Operational Examples for Modifying a Database Command Prior to
Execution when a Database Command References Restricted
Attributes
[0058] This section provides descriptions of several scenarios and
corresponding operational examples for determining whether a
database command references restricted attributes and modifying the
database command prior to execution in the event that the database
command does reference restricted attributes. For the purposes of
explanation, assume that a user of a system, as depicted in FIG. 2,
is causing database application 220 to submit a query 221 to access
table t2, as depicted in FIG. 1. Further, assume that attribute
restriction metadata 243 indicates that "SALARY" and "SSN" are
restricted attributes. Additionally, assume that attribute
restriction metadata 243 indicates that if an non-managerial
employee requests information from the "SALARY" attribute, then the
non-managerial employee may only access their own salary
information; however, if a manager requests information from the
"SALARY" attribute, then the manager may access salaries for people
who are in the manager's department but not for people who are
outside of the manager's department.
[0059] Scenario 1: Someone requests data from an unrestricted
attribute. For example, John enters a query requesting to see all
of the names and IDs for all people in table t2. In this case, user
210 is John who uses the database application 220 to issue a query
221, which comprises a query as depicted in Q1 below:
[0060] Q1:
[0061] SELECT name, id
[0062] FROM t2
[0063] In operational example 1 for scenario 1, database server 230
intercepts query 221. The semantic analyzer 231 obtains the list of
restricted attributes (e.g., "SALARY" and "SSN") from the attribute
restriction metadata 243. Semantic analyzer 231 scans query 221 and
compares the restricted attributes to the attributes referenced in
query 221. In this case, "NAME" and "ID" are the attributes
referenced in query 221 and these referenced attributes are not
restricted attributes.

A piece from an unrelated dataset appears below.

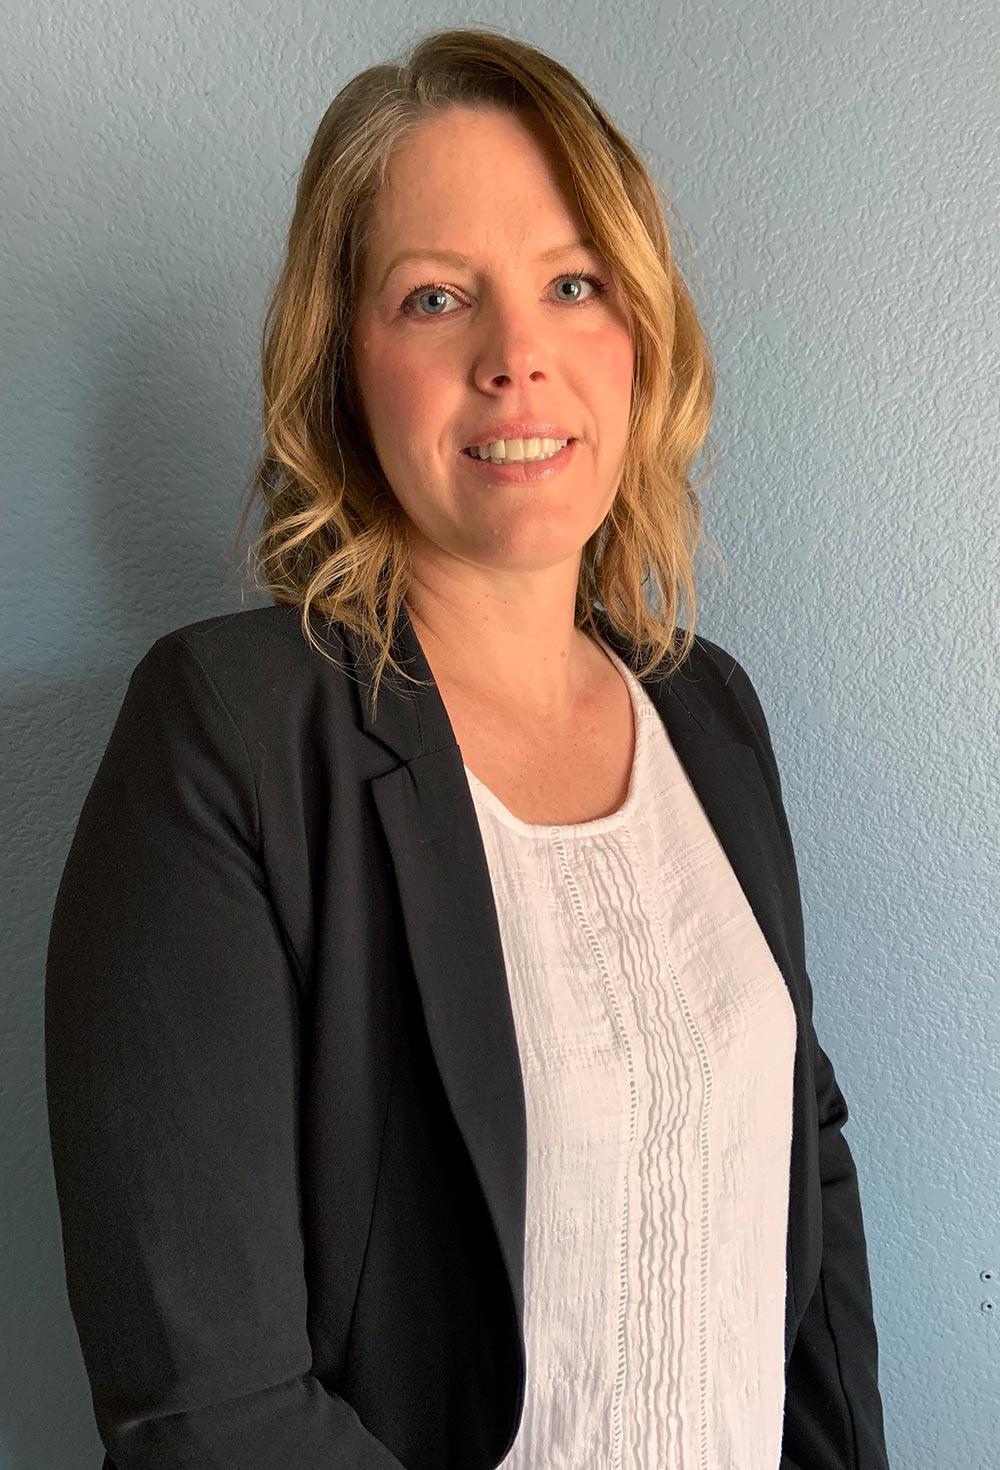 Jennifer LaFrance - Nurse Practitioner
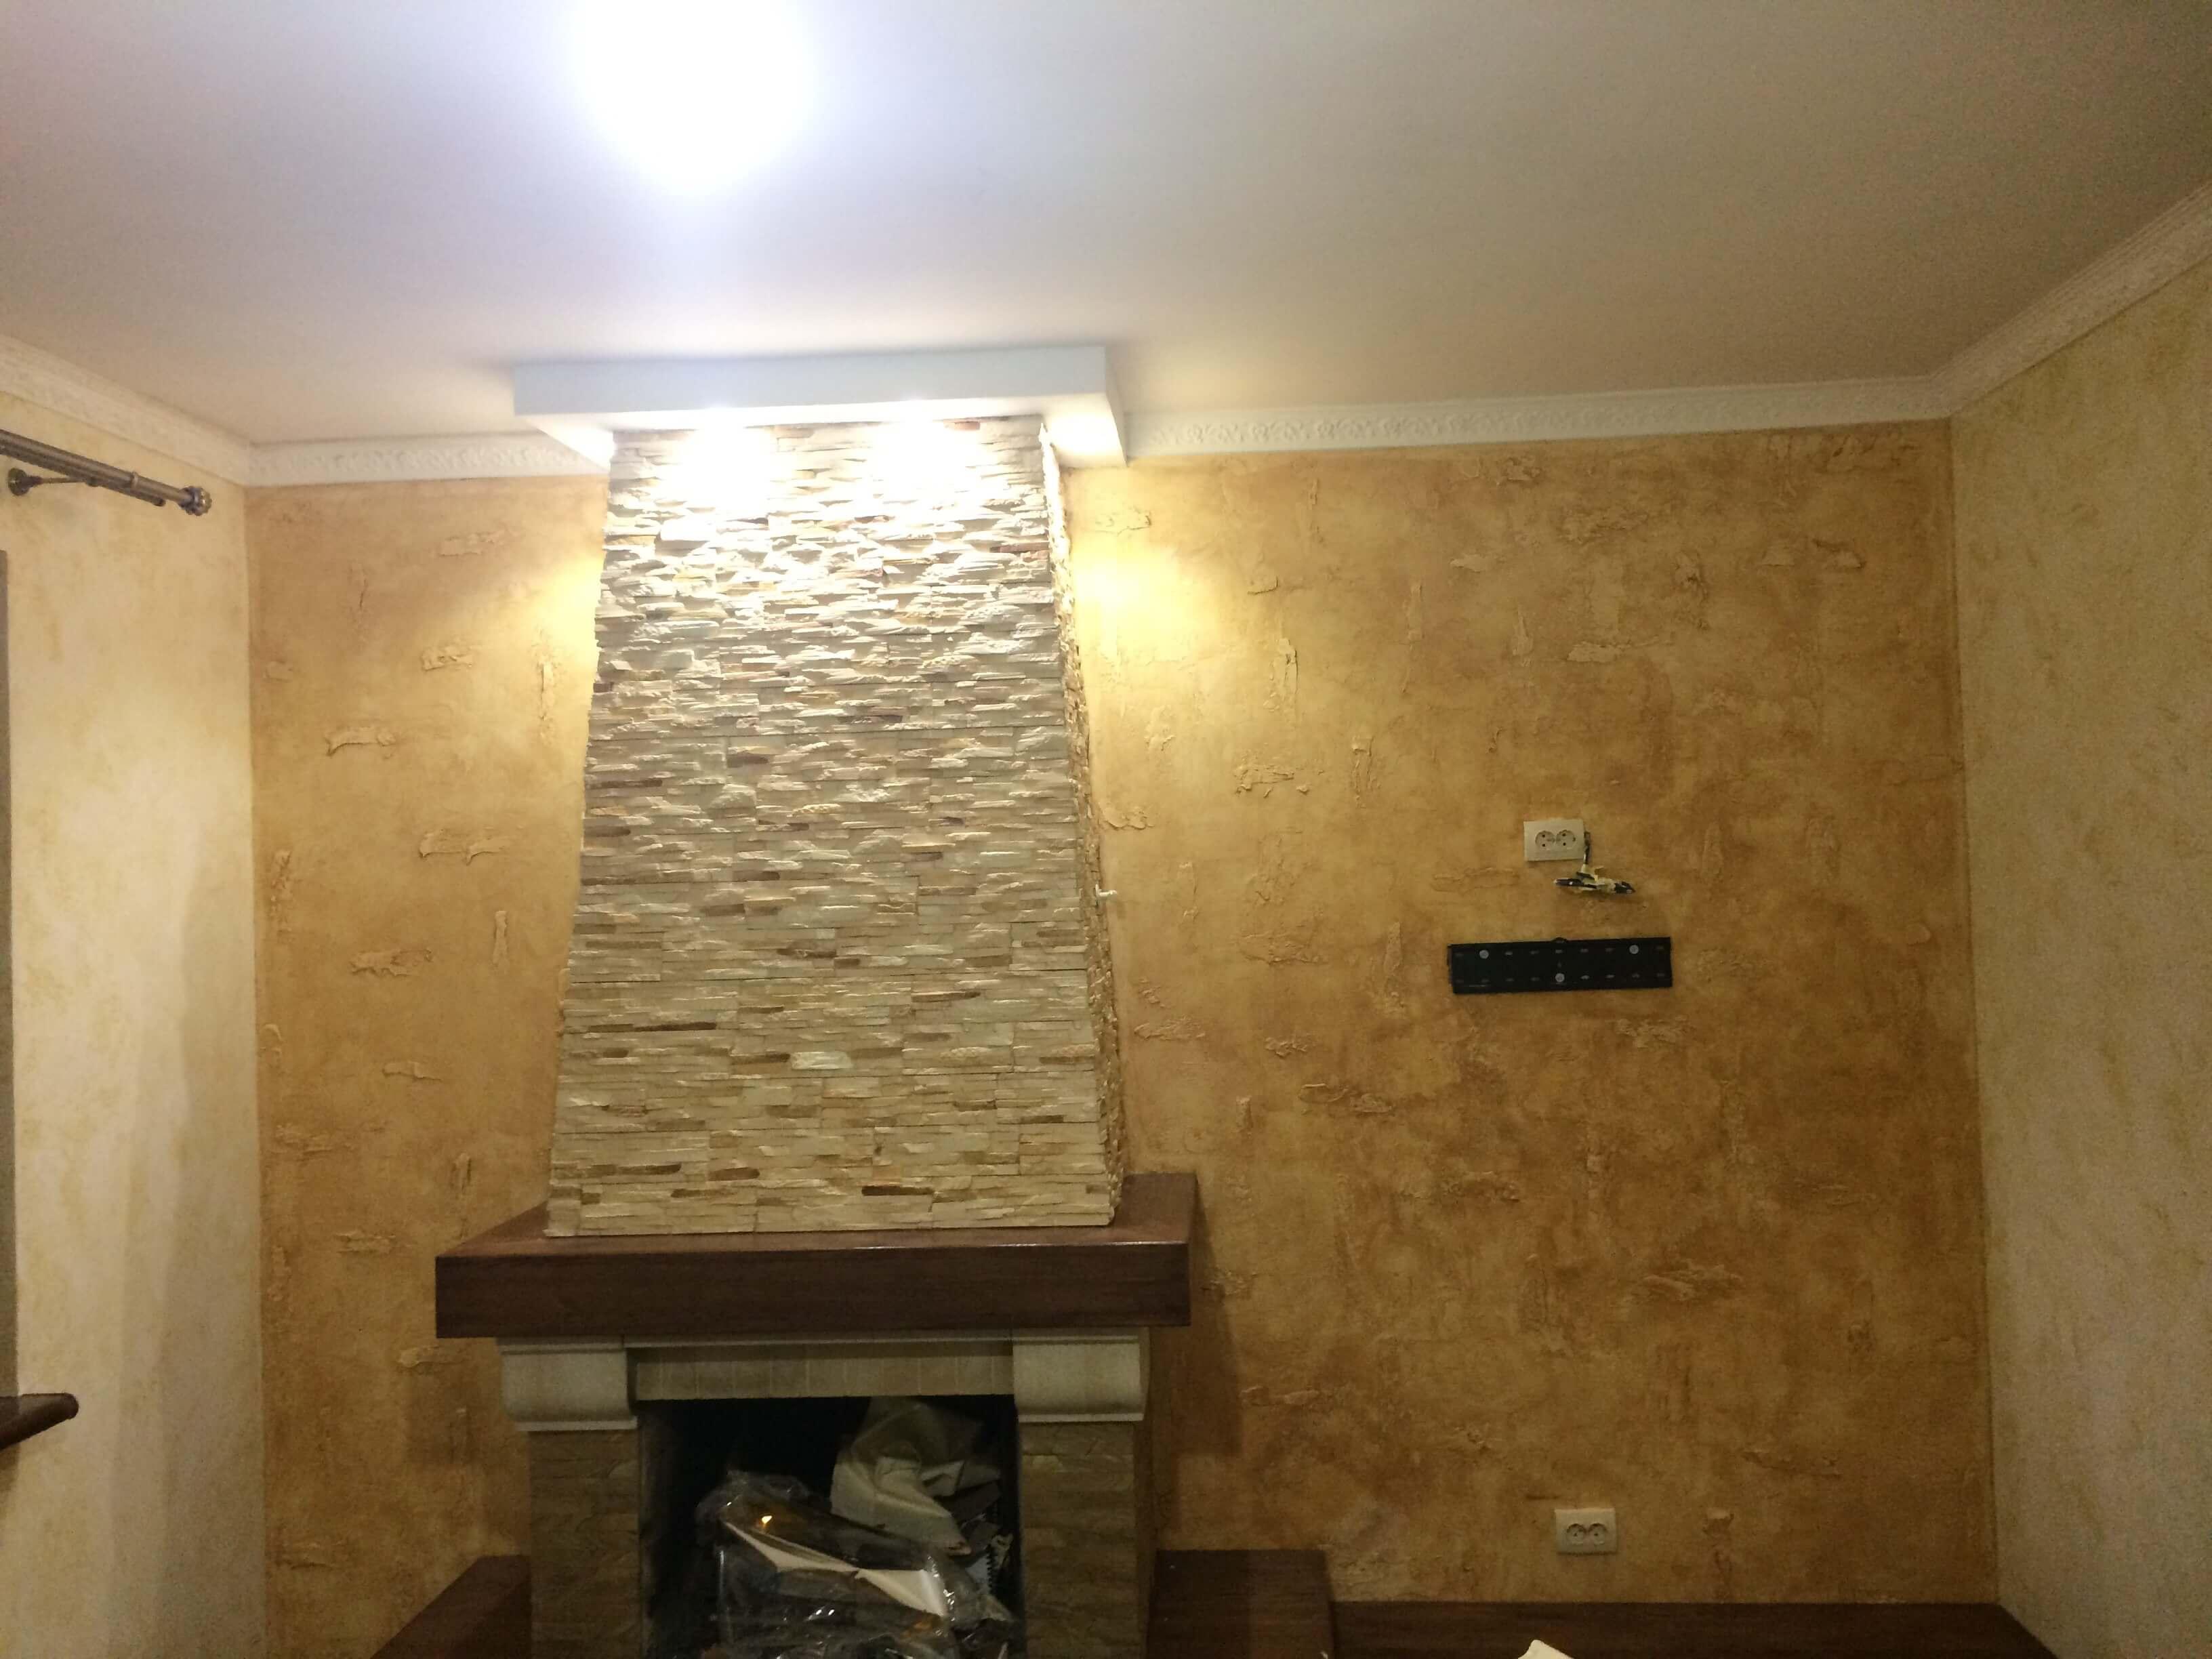 Каминный зал. Старые стены

Therefore, the semantic analyzer 231 does
not invoke the policy function 232 and the database server 230
returns the data for attributes "NAME" and "ID" from all of the
rows 111-117 of table t2 to user 210.
[0064] Scenario 2: An employee who is not a manager requests data
from a restricted attribute. For example, John enters a query
requesting to see all of the names and salaries for all people. In
this case, user 210 is John who uses the database application 220
to issue a query 221, which comprises a query as depicted in Q2
below:
[0065] Q2:
[0066] SELECT name, salary
[0067] FROM t2
[0068] In operational example 2 for scenario 2, query 221
references the attributes "NAME" and "SALARY". In comparing the
referenced attributes to the restricted attributes, the semantic
analyzer 231 determines that "SALARY" is a restricted attribute.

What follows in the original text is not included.